La sua famiglia non poteva fare a meno di preoccuparsi per lei perché l'avevano quasi persa in diverse occasioni, cosa che poteva capire e tollerare. Erano le persone che cercavano molto sottilmente di fare il prepotente con Amethyst che le davano un problema. Le persone snob nei gruppi sociali d'élite dei regni di Gadon e Zaire. Tutti loro la facevano desiderare di rimanere nella sua camera da letto e non uscire mai, ma Amie si rifiutava di essere controllata in quel modo.

Era frustrante non poter rispondere come avrebbe voluto, però. Sua madre diceva sempre che, come principessa, Amethyst doveva mantenere la sua compostezza e non cedere alle frecciatine che doveva sopportare. Le risatine sussurrate e gli sguardi beffardi, doveva prendere tutto con un sorriso bello e regale... Al diavolo!

Essere una principessa faceva schifo.

Presto, era arrivata all'età in cui non doveva più seguire così fedelmente gli insegnamenti di sua madre, ma fu allora che Amie scoprì di non avere la capacità di ringhiare contro le persone che la tormentavano passivamente. Non riusciva a costringersi a fare una scenata per come qualcuno la trattava quando in realtà non era una cosa così importante. Il pensiero di lamentarsi o di difendersi e quindi mettere tutti a disagio la teneva in silenzio, non voleva essere quella che rovinava l'atmosfera di ogni incontro sociale a cui partecipava. Abbastanza per farla restare a casa, vero? Solo sul suo cadavere!

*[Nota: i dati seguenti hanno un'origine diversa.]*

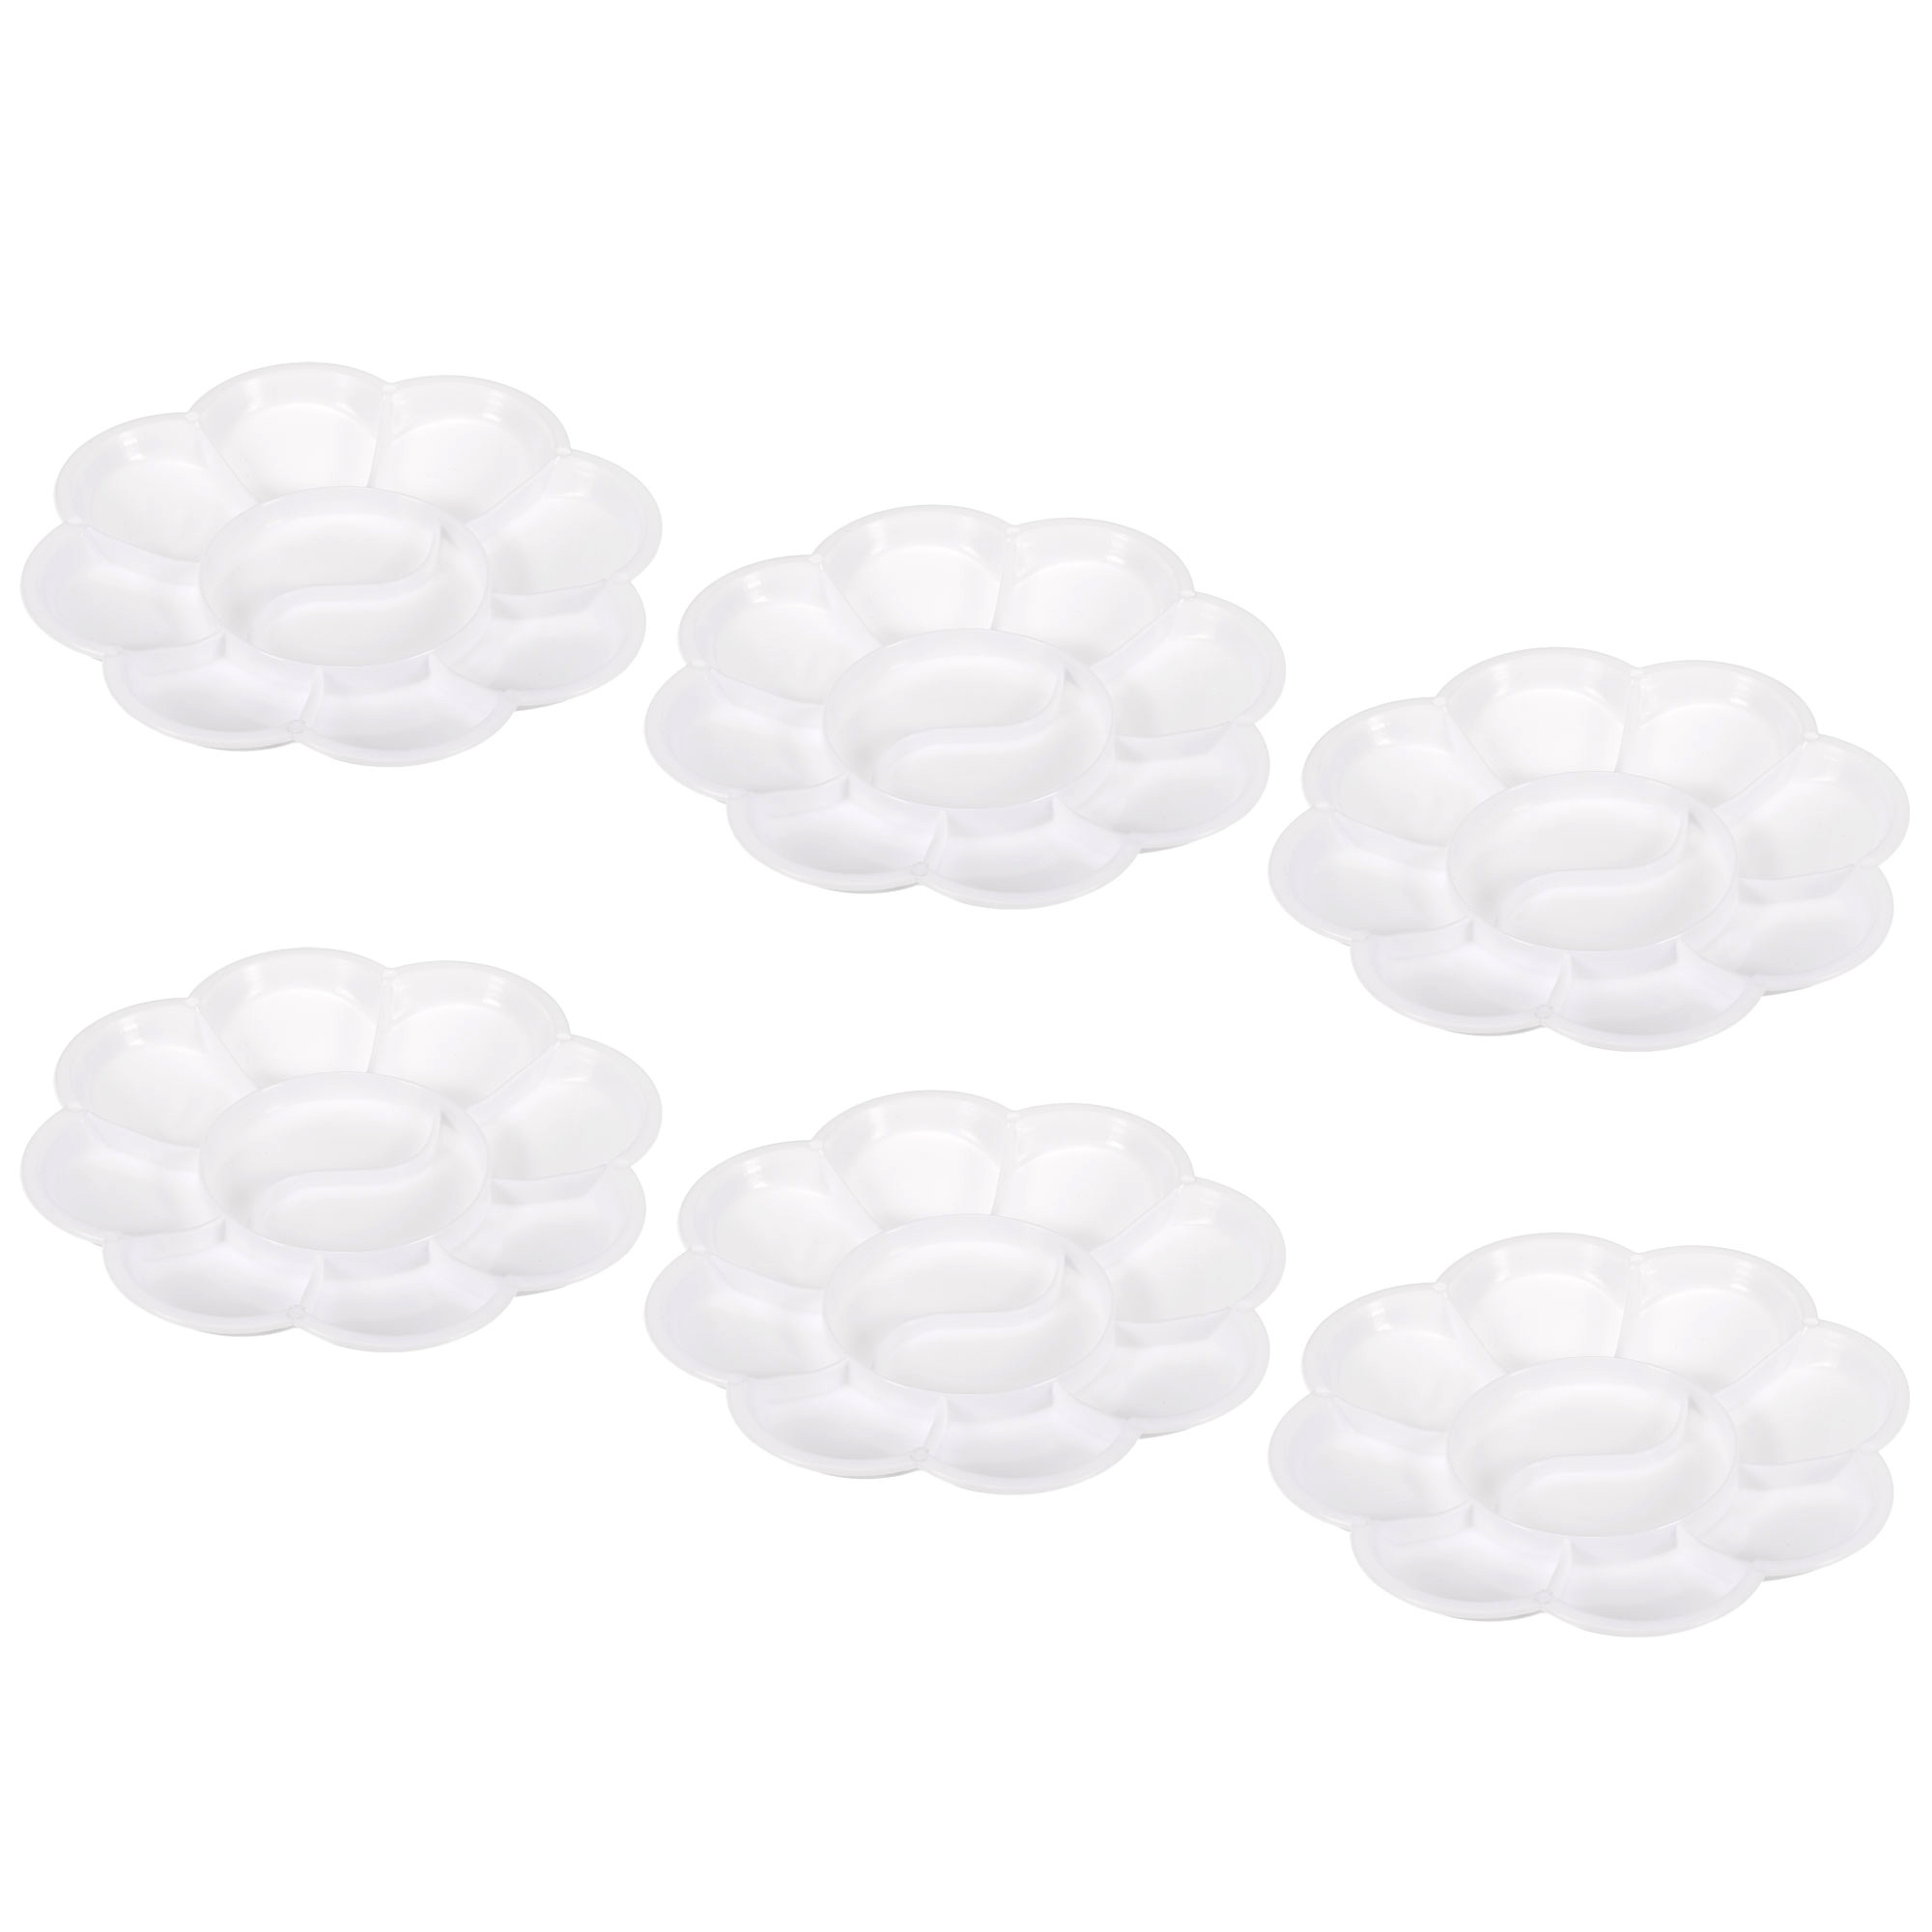 Uxcell 10 Wells 3.3 Paint Tray Palette Painting Pallet Holder Flower Shape  for Art and Craft, White 12 Pack

Sì, era nata fragile, ma nonostante il suo corpo più debole, aveva coraggio e una mentalità forte! Perché questo non era apprezzato quanto la forza fisica? Inoltre, erano passati anni da quando il suo gioiello le era stato restituito, ora era molto più forte di quando era piccola e malaticcia-

La porta si spalancò.

"Re di Gadon!" esclamò, saltando indietro mentre si stringeva il petto. Ametista fissò l'entrata e l'assoluta montagna di uomo che stava lì, la bocca aperta per lo shock.

Il suo volto ruvidamente affascinante si indurì con un'espressione di lieve disgusto, i suoi occhi grigi si allargarono leggermente come se fosse altrettanto sorpreso di vederla lì. Ma lei viveva lì, pensò Amie. Lui era quello fuori posto come una capra in mezzo al mare.

Cercò di parlare, ma le parole le si bloccarono in gola, solo una frazione di sillaba riuscì a uscire.

Il suo corpo non si mosse di un centimetro, ma la sua testa si inclinò lentamente verso di lei, con una profonda smorfia sul viso.

"Uhm..." iniziò tremante. "Chi nella terra degli antenati... sei tu??"

Lui la fissò.

Ametista sussultò. "Oh. Oh! Sei la guardia! Sei venuto dal regno di Zaire, giusto? Per prendermi!"

I suoi occhi si strinsero.

Sospirando, Amie afferrò il suo nastro dal comò e marciò verso di lui. "Ascolta, non entri semplicemente nelle stanze di una signora in quel modo! Mi hai fatto prendere un colpo, ma dato che sei qui e non ho cameriere intorno, perché non ti rendi utile? Fai un buon lavoro e non dirò al tuo re della tua mancanza di buone maniere."

Lei gli afferrò il braccio e lo trascinò attraverso la stanza, mancando di notare come i suoi occhi la fissavano cupamente mentre la sua mano sottile e pallida avvolgeva la spessa circonferenza abbronzata del suo polso.

Lo fermò vicino al comò e si girò davanti a lui per guardare lo specchio. "Il corsetto, per favore. Basta tirare quei due nastri neri davanti a te e poi legarli."

Occhi grigi e minacciosi fissarono il suo viso nello specchio. Amie aggrottò la fronte con lieve confusione davanti all'uomo imponente. "Allora? Cosa stai aspettando?"